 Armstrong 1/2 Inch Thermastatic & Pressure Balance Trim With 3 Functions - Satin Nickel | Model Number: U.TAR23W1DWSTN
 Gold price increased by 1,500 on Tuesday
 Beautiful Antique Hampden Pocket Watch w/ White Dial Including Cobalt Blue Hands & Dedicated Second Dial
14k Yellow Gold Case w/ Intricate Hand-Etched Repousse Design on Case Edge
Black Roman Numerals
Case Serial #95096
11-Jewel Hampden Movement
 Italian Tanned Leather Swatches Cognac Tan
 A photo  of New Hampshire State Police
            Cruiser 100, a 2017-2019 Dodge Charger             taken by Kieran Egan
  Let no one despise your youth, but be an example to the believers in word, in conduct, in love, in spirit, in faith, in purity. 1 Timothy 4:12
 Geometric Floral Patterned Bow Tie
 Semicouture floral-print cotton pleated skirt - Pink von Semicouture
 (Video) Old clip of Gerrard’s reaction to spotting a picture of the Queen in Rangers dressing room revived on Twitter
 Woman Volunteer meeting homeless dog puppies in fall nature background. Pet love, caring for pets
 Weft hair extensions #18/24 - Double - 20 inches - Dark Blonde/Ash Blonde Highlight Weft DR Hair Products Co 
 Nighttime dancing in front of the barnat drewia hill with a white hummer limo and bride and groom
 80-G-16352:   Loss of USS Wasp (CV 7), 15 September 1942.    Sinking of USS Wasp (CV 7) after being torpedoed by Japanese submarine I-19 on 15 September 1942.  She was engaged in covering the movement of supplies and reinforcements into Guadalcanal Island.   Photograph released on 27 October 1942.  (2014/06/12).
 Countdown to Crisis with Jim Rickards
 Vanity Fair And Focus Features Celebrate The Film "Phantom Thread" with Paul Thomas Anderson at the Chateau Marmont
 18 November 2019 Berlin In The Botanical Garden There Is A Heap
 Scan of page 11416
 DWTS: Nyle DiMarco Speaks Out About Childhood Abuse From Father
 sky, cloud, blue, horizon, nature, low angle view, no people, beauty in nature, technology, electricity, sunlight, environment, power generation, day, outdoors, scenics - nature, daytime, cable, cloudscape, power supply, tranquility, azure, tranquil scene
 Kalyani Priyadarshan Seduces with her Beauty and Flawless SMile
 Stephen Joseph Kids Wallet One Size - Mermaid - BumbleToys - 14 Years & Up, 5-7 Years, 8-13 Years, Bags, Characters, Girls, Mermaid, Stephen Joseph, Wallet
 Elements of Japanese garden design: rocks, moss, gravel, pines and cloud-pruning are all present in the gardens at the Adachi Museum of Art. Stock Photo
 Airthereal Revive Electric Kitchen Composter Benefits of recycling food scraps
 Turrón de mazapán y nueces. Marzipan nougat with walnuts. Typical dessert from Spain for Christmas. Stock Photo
----
Exercise description
Gather each line in the entries above where the string "Stock" is found.

Task solution
 Elements of Japanese garden design: rocks, moss, gravel, pines and cloud-pruning are all present in the gardens at the Adachi Museum of Art. Stock Photo
 Turrón de mazapán y nueces. Marzipan nougat with walnuts. Typical dessert from Spain for Christmas. Stock Photo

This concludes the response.